Enfin, après de grandes altercations, il fut resolust qu'il s'en iroient tous trois sur le grand chemin passant quy conduit au Bourg-la-Reine[10], peu esloigné du lieu où ils estoient, et que le premier gentilhomme quy se presenteroit à leurs yeux seroit conjuré par eux d'assister celuy quy estoit seul.
[Note 10: Ce lieu, ainsi que le carrefour de la Croix-de-Berny, qui en est proche, fut souvent choisi pour les duels. Son nom lui viendroit même, selon quelques auteurs, d'un combat livré entre deux princes, et dont la main d'une reine à obtenir auroit été la cause et le prix. (P. Villiers, _Manuel du voyageur aux environs de Paris_, 1804, in-12, t. 1er, p. 127.)]
Ils n'attendirent pas long-temps qu'ils aperceurent un cavalier à eux incogneu quy venoit à Paris, et auquel l'un d'eux luy demanda s'il estoit gentilhomme; à quoy ayant fait responce que vraiment il l'estoit, et d'ancienne extraction, ils luy expliquèrent aussy tost que, puisqu'il estoit tel, il ne les refuseroit pas d'une prière qu'ils luy vouloient faire, quy estoit de se battre entre eux et servir de second à ce gentilhomme duquel ils estoient ennemis.
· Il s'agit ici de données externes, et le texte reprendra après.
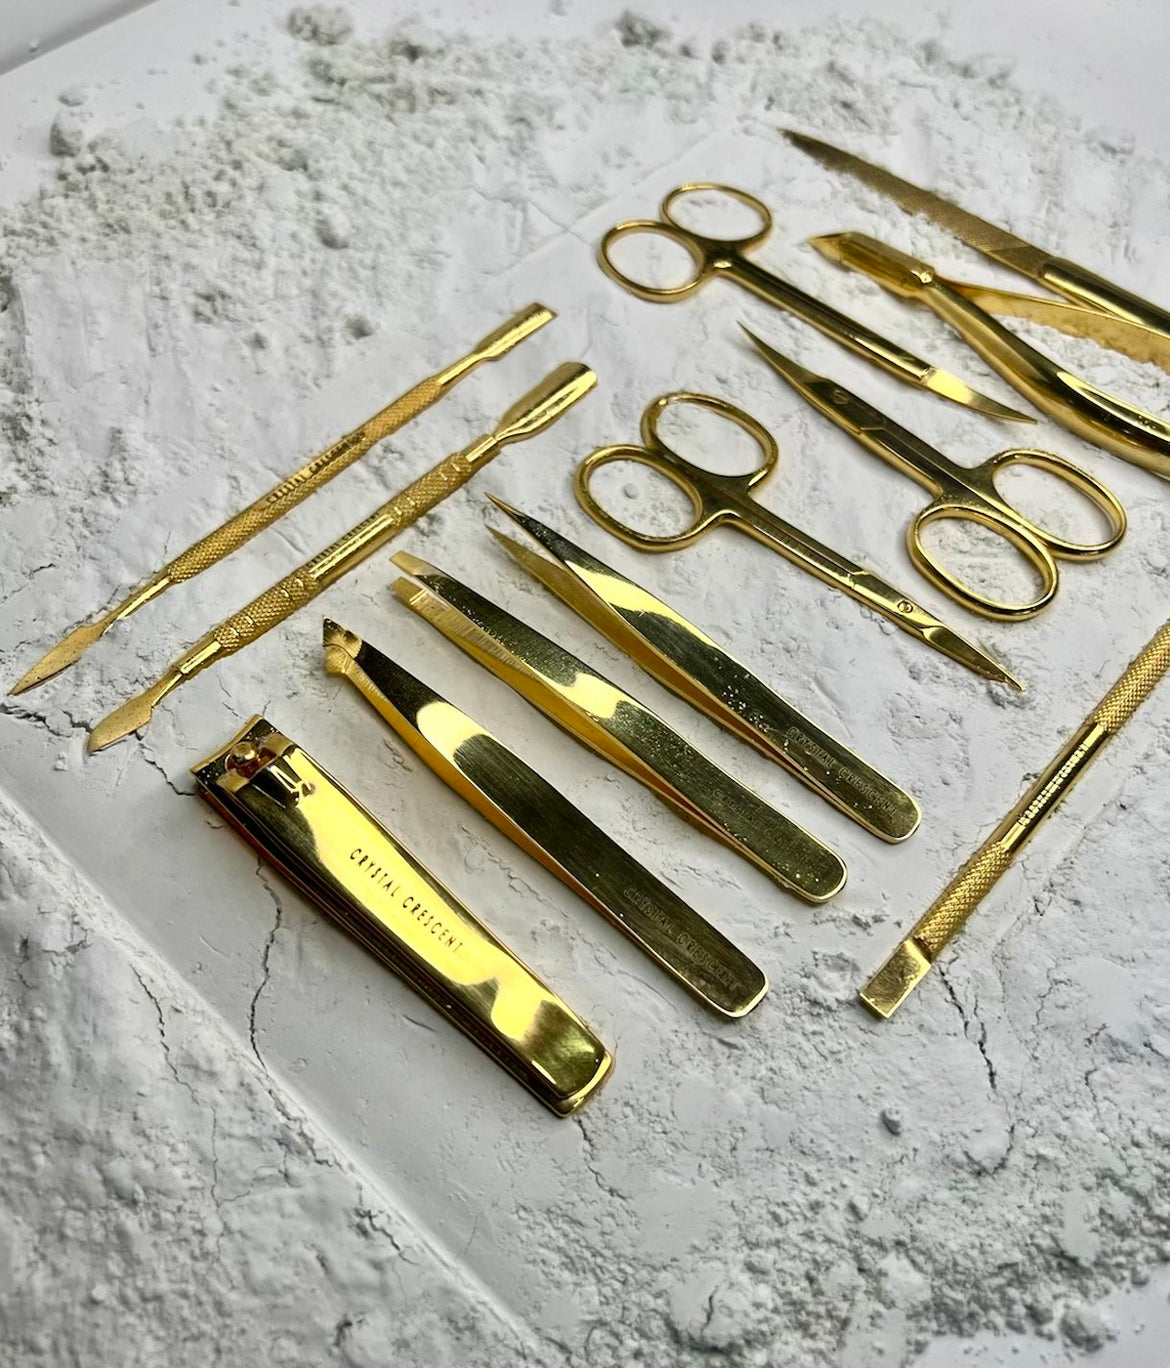 The Gold Tools
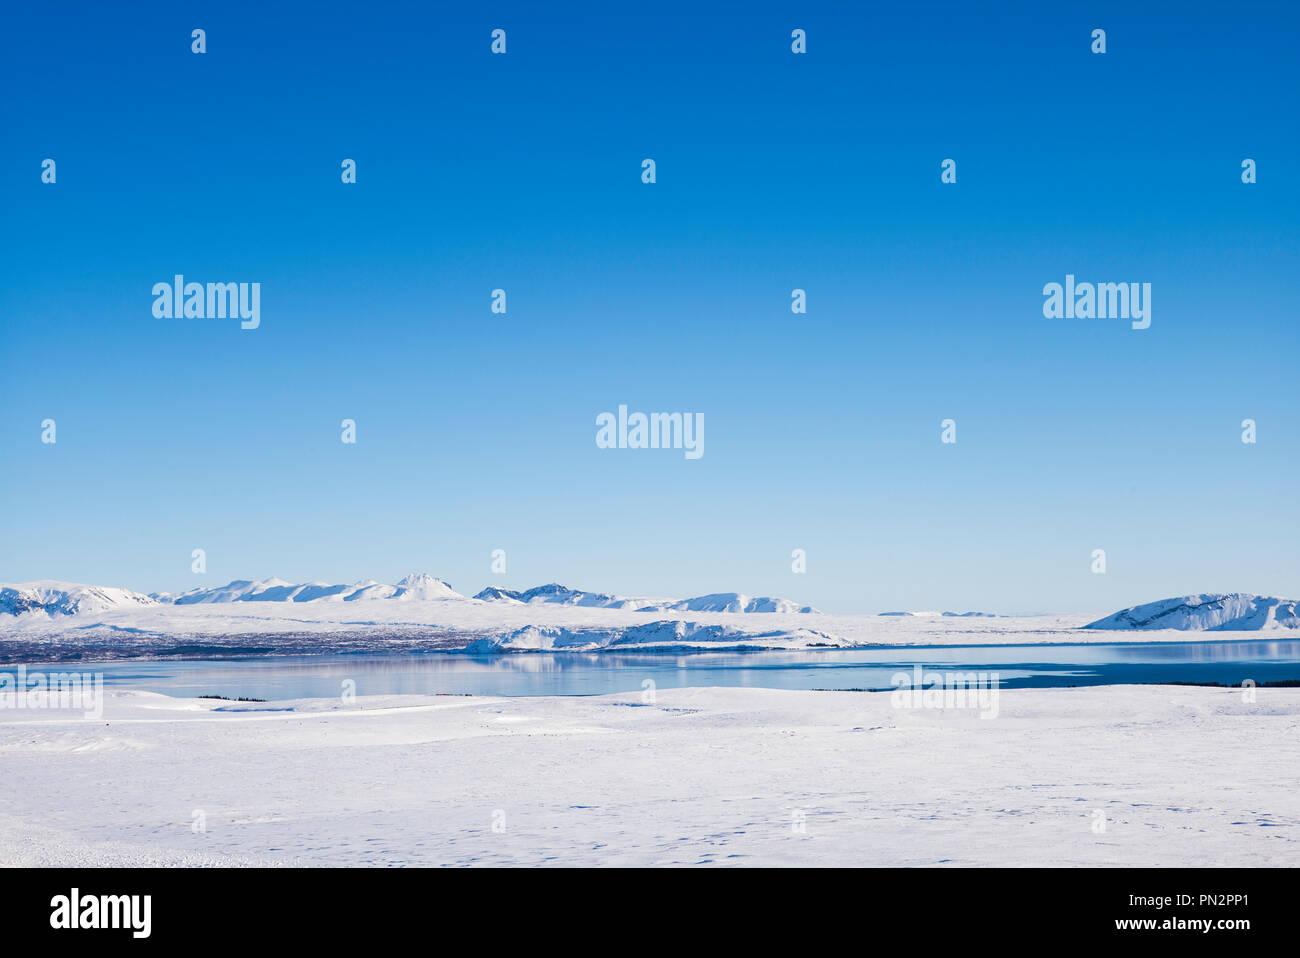 Snow-covered mountains and lake in stunning glacial landscape in South Iceland Stock Photo

Ceste prière sembla de prime abord deplaire à ce cavalier, quy s'excusa d'estre de la partie sur ce qu'il disoit estre pressé d'achever son voyage et venir à Paris pour un procez de consequence, son procureur et advocat luy ayant mandé que sa personne y estoit requise; mesme il leur monstroit les armes dont il se devoit battre en ce conflict judiciaire, quy ny estoit plus expedient que le diabolique auquel on le vouloit faire entrer. Mais, voyant sa noblesse et son courage estre revoqués en doute par ces deux jaloux aventuriers d'honneur, il se sentist vivement piqué de cette pointille de mespris, et leur dict assez froidement (non toutesfois sans jurer et comme par manière d'acquit): Pourquoy m'importunez-vous tant? vous voyez qu'il ne m'en prie pas. A peine eut-il lasché cette parolle, que de la bouche de ce gentilhomme quy avoit besoin de luy sortirent des prières et supplications, avec protestations de luy en avoir toute sa vie (s'il en rechappoit) des ressentiments et obligations infiniment grandes, quy eussent peu emouvoir un diable mesme à se battre, eust-il esté aussy poltron que celuy de Rabelais[11].
[Note 11: «Au temps que j'estudiois à l'escole de Tolette, dit Panurge, le reverend père en diable Picatris, recteur de la faculté diabologique, nous disoit que naturellement les diables craignent la splendeur des espées aussi bien que la lueur du soleil. De faict Hercules, descendant en enfer à touts les diables, ne leur feit tant de paour, ayant seullement sa peau de lion et sa massue, comme après feit Eneas estant couvert d'un harnois resplendissant et guarny de son bragmard bien appoinct, fourby et desrouillé à l'ayde et conseil de la sibylle Cumane. C'estoit peult-estre la cause pourquoy le seigneur Jean-Jacques Trivolse, mourant à Chartres, demanda son espée et mourut l'espée nue au poing, s'escrimant tout autour du lict, comme vaillant et chevalereux, et par ceste escrime mettant en fuitte tous les diables qui le guettoient au passage de la mort.» _Pantagruel_, liv. 3, ch. 23.]